Las preguntas que se repiten en mi cabeza no hacen más que avivar la
rabia que siento hacia ella, haciéndome recuperar la lucidez hacia
sentimientos que no quiero sentir, porque el amor puede destrozarte.
Puedo enfrentarme a la tortura y no tengo ningún problema en
arriesgarme a morir cada día, pero admitir mis sentimientos por Mariella
significaría darle el poder de destruirme.
Oigo cómo se abre la puerta de cristal de la ducha y, oculto un respingo,
levanto la vista y me encuentro con la sonrisa socarrona de la mujer que me
quita el equilibrio. Está desnuda y magnífica, pero la rabia que me recorre
está demasiado cerca de la superficie como para dejar que se acerque.
—Si necesitas la ducha, ya he terminado, dame un momento y salgo —
digo, y sueno patético a mis propios oídos. Sólo puedo esperar que capte la
indirecta.
—En realidad, me gustaría ducharme contigo —me guiña un ojo y cubre
la distancia que nos separa, el chorro de agua se desliza sobre su piel y el
calor la enrojece, y mi polla se despierta de nuevo porque siempre estoy
hambriento de mi mujer. Y adiós a la indirecta.
—No creo que... —Empiezo, pero me callo cuando la veo arrodillarse
delante de mí y mi cerebro se atasca sin piedad.
Me mira desde debajo de las pestañas húmedas, mi cuerpo la protege del
agua, su pose es relajada pero rendida. Casi parece... no, imposible. Mi nena
no tiene ni idea de lo que es la sumisión.
—Castígame —susurra, dejándome sin aliento.
No puedo hablar, mi ya atascado cerebro ha desconectado por completo
la función verbal de mis capacidades, y lo único que hago es mirarla con la
boca abierta. Y con una erección ya lista.

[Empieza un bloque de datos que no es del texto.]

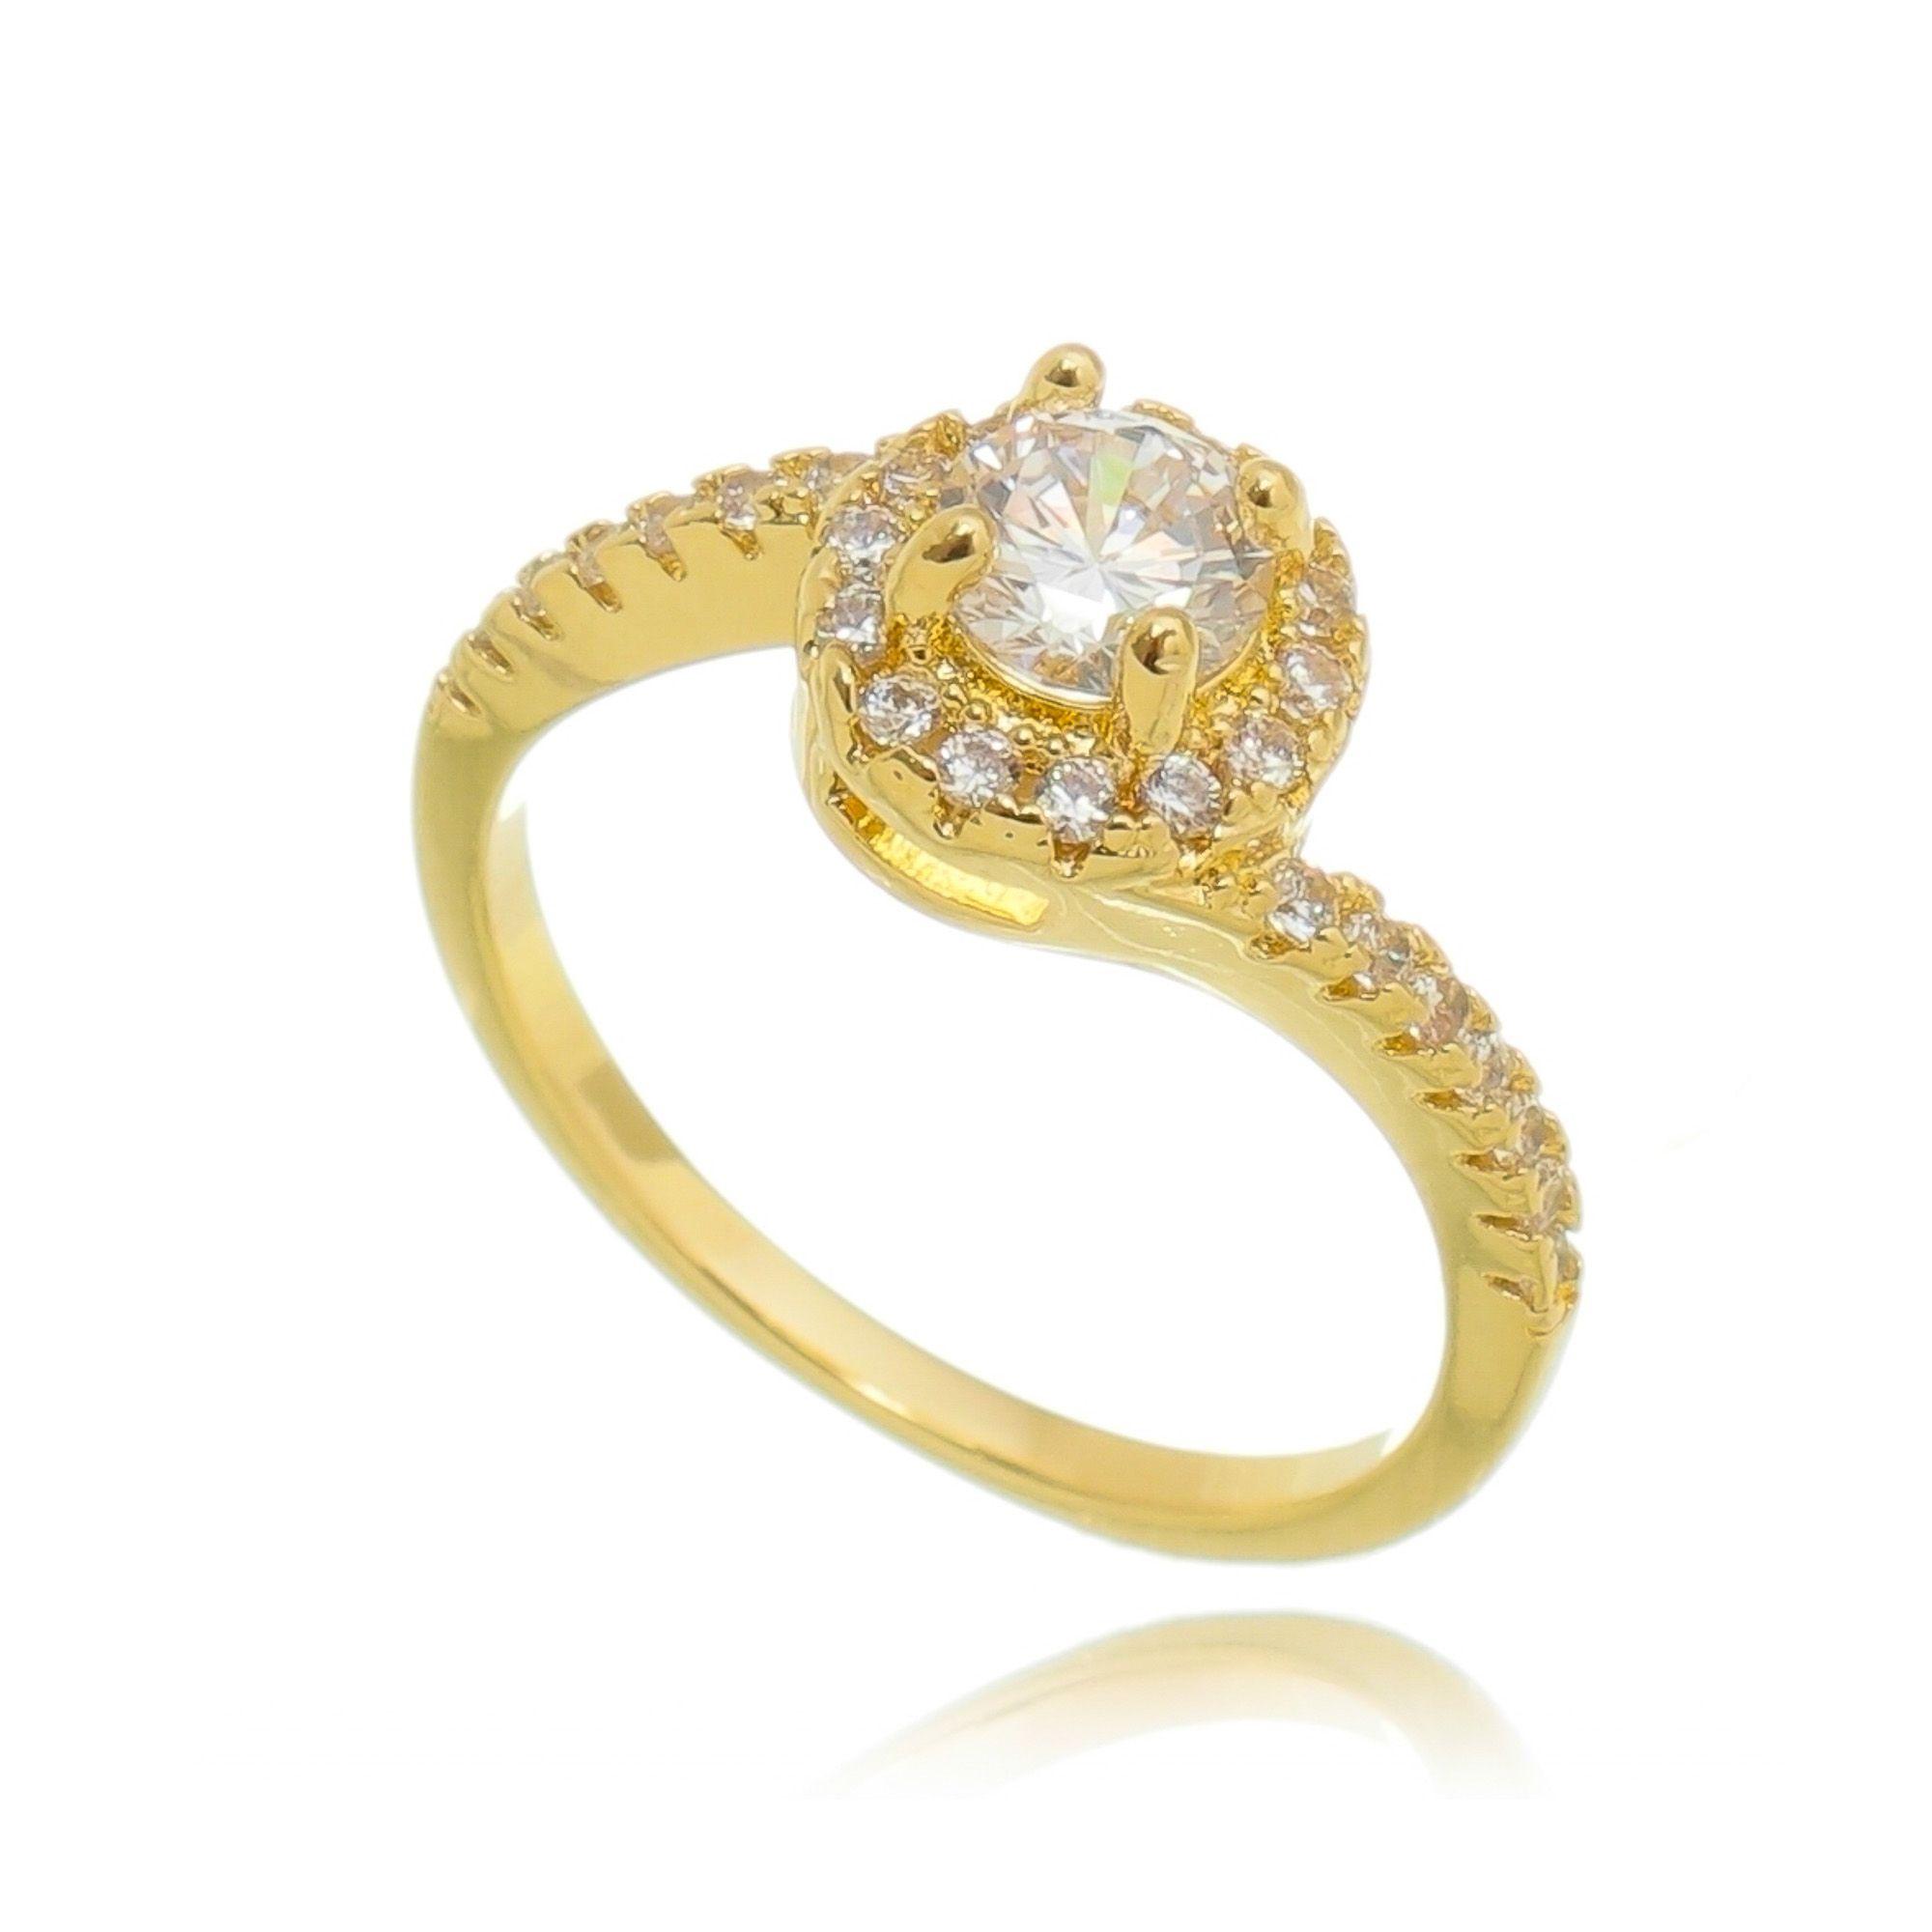 Anel Solitário de Zircônia Cristal Semijoia Luxuosa em Ouro 18K  - SOLOYOU

No espera mi réplica, avanza y se apoya en mis muslos para mantenerse
en equilibrio, luego abre la boca y posa esos labios que provoca comerse en
la punta de mi polla.
Mierda, me va a dar un infarto.
Arrastra los labios hasta la mitad de la erección, luego aplana la lengua
contra ella y retrocede, cuando vuelve a intentarlo trata de llegar más abajo,
pero una arcada le aprieta la garganta y retrocede casi de golpe.

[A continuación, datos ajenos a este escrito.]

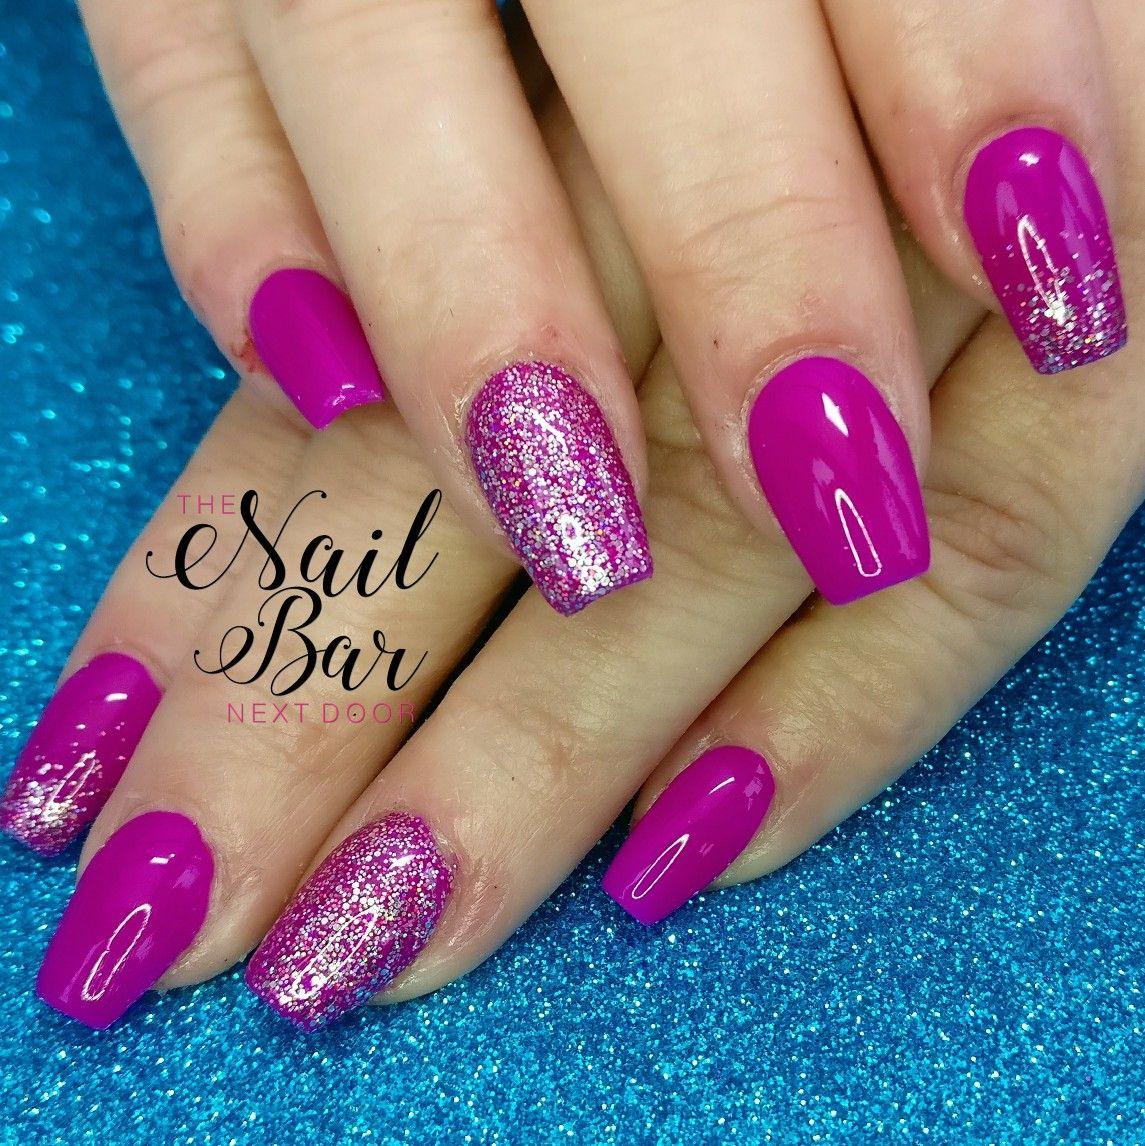 Neon fuchsia pink, coffin acrylic nails | My work | Pinterest

¿Y yo? Yo estoy todavía parado como un pendejo bajo un chorro de agua
que me despellejará la piel si no bajo la temperatura, y sin saber ya cómo se
articulan las palabras.
Recupérate, por el amor de Dios.
—No tienes por qué hacerlo, no quiero castigarte más —consigo decir
por fin—, aunque la última parte no sea del todo sincera.
Ella gime, no deja de chupármela, de hecho, aumenta la velocidad.

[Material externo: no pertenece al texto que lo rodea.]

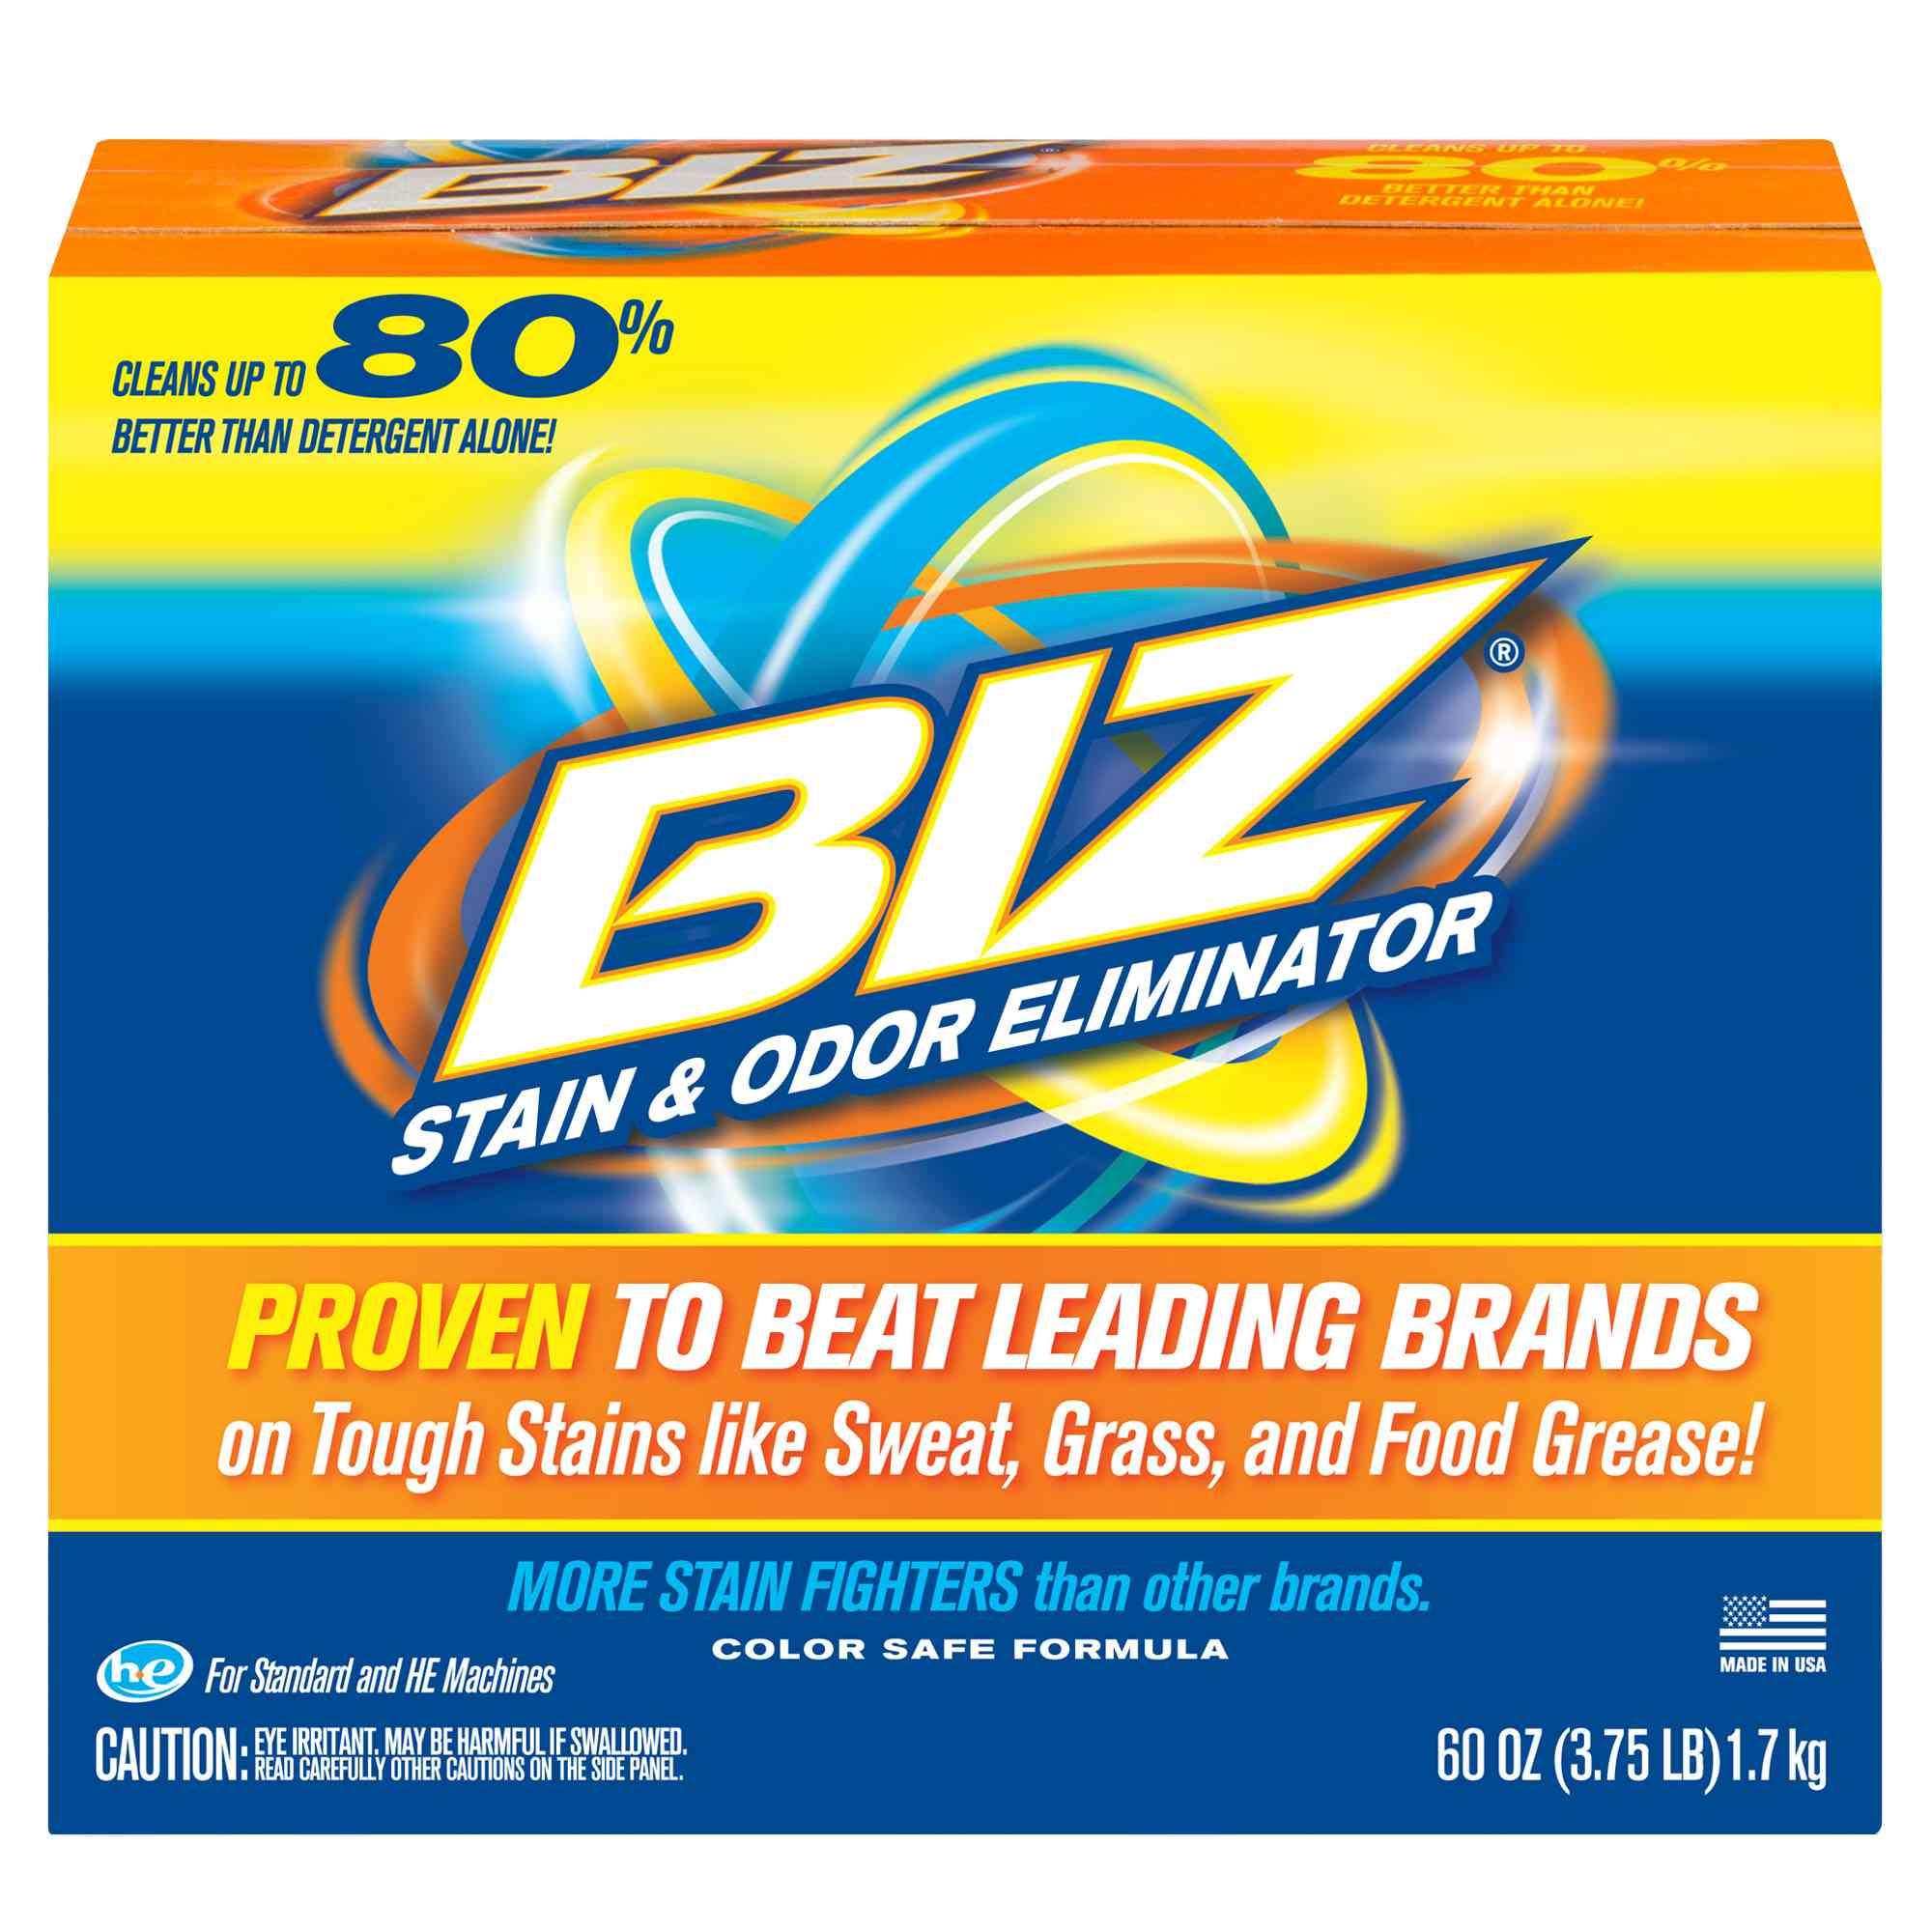 Biz-Stain-Odor-Eliminator

Entonces, se aparta y me clava una mirada excitada que me hace vibrar el
pecho. —No se trata de obligación —afirma—. Es lo que quiero. Quiero
probarte, quiero darte placer como tú me lo das a mí, pero, sobre todo,
quiero redimirme por haber arriesgado a arruinar las cosas entre nosotros.
Me gustaría replicar, decirle de nuevo que no quiero castigarla, pero un
rincón oscuro de mi mente sabe que necesito hacerlo, porque ella me quitó
el control durante todos los meses que estuvo lejos, dejándome a merced de
recuerdos y deseos que ni siquiera esperaba poder hacer realidad.
Aumenta el ritmo, la saliva le gotea por los lados de la boca y nunca ha
estado tan sensual como ahora.
Justo cuando creo que no puede asombrarme más, mueve una mano para
agarrar mis testículos y los masajea, haciendo que mi excitación se dispare
hasta las estrellas. Sólo ella puede llevarme a un paso del orgasmo en pocos
minutos, sólo ella puede llevarme al umbral del placer sin despertar mi
parafilia.
Siento la tensión en la base de mi espalda y sé que estoy a segundos de
venirme con fuerza. —Voy a... —le digo, incapaz de terminar—, pero sé
que lo ha entendido cuando encuentra mi mirada y asiente lentamente con
la cabeza.
Quiere matarme.
Me gustaría cerrar los ojos y perderme en el placer, pero no lo hago, y
cuando exploto en su boca, apunto mi mirada hacia ella. La observo
desconcertado, está mojada y hermosa, arrodillada ante mí, con mi polla en
la boca, tragándose todo mi placer, y me doy cuenta de que no se está
sometiendo en absoluto como ella cree.
No, porque ella tiene todo el poder y lo que más me desorienta es que no
lo ostenta sólo en el plano sexual, sino también en el de las emociones y de
las sensaciones. Estoy jodido.
Capítulo Veinticuatro – Mariella
Mariella: ¡Me gusta la idea, pero date prisa! Te espero donde Carmen.
Isabella: ¡Vaya! ¿Eso significa que tienes malas intenciones?
Mariella: Las peores :-)
Isabella: Tu marido no sabe lo que le espera.